_Source records_:
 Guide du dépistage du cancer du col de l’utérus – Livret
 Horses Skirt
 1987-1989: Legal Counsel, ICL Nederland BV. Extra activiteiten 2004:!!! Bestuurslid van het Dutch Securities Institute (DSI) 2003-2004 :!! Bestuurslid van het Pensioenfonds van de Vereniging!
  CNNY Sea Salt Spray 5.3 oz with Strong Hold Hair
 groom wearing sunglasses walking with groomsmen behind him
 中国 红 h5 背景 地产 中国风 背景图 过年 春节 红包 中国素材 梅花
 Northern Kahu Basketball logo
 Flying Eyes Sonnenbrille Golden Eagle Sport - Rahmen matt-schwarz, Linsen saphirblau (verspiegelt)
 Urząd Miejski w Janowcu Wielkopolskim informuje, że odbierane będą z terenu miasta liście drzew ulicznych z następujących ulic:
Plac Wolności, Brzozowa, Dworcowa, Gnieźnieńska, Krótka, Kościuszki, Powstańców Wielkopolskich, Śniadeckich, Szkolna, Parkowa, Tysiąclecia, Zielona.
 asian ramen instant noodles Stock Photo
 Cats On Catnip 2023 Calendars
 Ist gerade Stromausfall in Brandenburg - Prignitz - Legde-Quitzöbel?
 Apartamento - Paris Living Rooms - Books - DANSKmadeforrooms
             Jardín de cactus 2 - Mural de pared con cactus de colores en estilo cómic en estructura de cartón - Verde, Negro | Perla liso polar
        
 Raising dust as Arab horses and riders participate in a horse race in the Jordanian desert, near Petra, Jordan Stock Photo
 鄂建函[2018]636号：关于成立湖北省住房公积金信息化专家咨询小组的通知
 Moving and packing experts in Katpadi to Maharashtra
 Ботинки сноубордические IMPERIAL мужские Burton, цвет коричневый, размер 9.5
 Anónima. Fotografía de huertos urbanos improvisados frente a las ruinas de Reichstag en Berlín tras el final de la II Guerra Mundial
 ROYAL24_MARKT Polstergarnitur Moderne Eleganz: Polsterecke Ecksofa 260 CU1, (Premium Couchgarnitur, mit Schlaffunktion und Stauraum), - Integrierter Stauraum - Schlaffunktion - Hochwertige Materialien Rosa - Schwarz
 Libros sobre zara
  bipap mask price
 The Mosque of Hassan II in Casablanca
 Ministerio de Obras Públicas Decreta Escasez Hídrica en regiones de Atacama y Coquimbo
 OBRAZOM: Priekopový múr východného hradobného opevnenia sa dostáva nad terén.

_Task brief_:
Down to the last line, repeat the data exactly.

_Problem solution_:
 Guide du dépistage du cancer du col de l’utérus – Livret
 Horses Skirt
 1987-1989: Legal Counsel, ICL Nederland BV. Extra activiteiten 2004:!!! Bestuurslid van het Dutch Securities Institute (DSI) 2003-2004 :!! Bestuurslid van het Pensioenfonds van de Vereniging!
  CNNY Sea Salt Spray 5.3 oz with Strong Hold Hair
 groom wearing sunglasses walking with groomsmen behind him
 中国 红 h5 背景 地产 中国风 背景图 过年 春节 红包 中国素材 梅花
 Northern Kahu Basketball logo
 Flying Eyes Sonnenbrille Golden Eagle Sport - Rahmen matt-schwarz, Linsen saphirblau (verspiegelt)
 Urząd Miejski w Janowcu Wielkopolskim informuje, że odbierane będą z terenu miasta liście drzew ulicznych z następujących ulic:
Plac Wolności, Brzozowa, Dworcowa, Gnieźnieńska, Krótka, Kościuszki, Powstańców Wielkopolskich, Śniadeckich, Szkolna, Parkowa, Tysiąclecia, Zielona.
 asian ramen instant noodles Stock Photo
 Cats On Catnip 2023 Calendars
 Ist gerade Stromausfall in Brandenburg - Prignitz - Legde-Quitzöbel?
 Apartamento - Paris Living Rooms - Books - DANSKmadeforrooms
             Jardín de cactus 2 - Mural de pared con cactus de colores en estilo cómic en estructura de cartón - Verde, Negro | Perla liso polar
        
 Raising dust as Arab horses and riders participate in a horse race in the Jordanian desert, near Petra, Jordan Stock Photo
 鄂建函[2018]636号：关于成立湖北省住房公积金信息化专家咨询小组的通知
 Moving and packing experts in Katpadi to Maharashtra
 Ботинки сноубордические IMPERIAL мужские Burton, цвет коричневый, размер 9.5
 Anónima. Fotografía de huertos urbanos improvisados frente a las ruinas de Reichstag en Berlín tras el final de la II Guerra Mundial
 ROYAL24_MARKT Polstergarnitur Moderne Eleganz: Polsterecke Ecksofa 260 CU1, (Premium Couchgarnitur, mit Schlaffunktion und Stauraum), - Integrierter Stauraum - Schlaffunktion - Hochwertige Materialien Rosa - Schwarz
 Libros sobre zara
  bipap mask price
 The Mosque of Hassan II in Casablanca
 Ministerio de Obras Públicas Decreta Escasez Hídrica en regiones de Atacama y Coquimbo
 OBRAZOM: Priekopový múr východného hradobného opevnenia sa dostáva nad terén.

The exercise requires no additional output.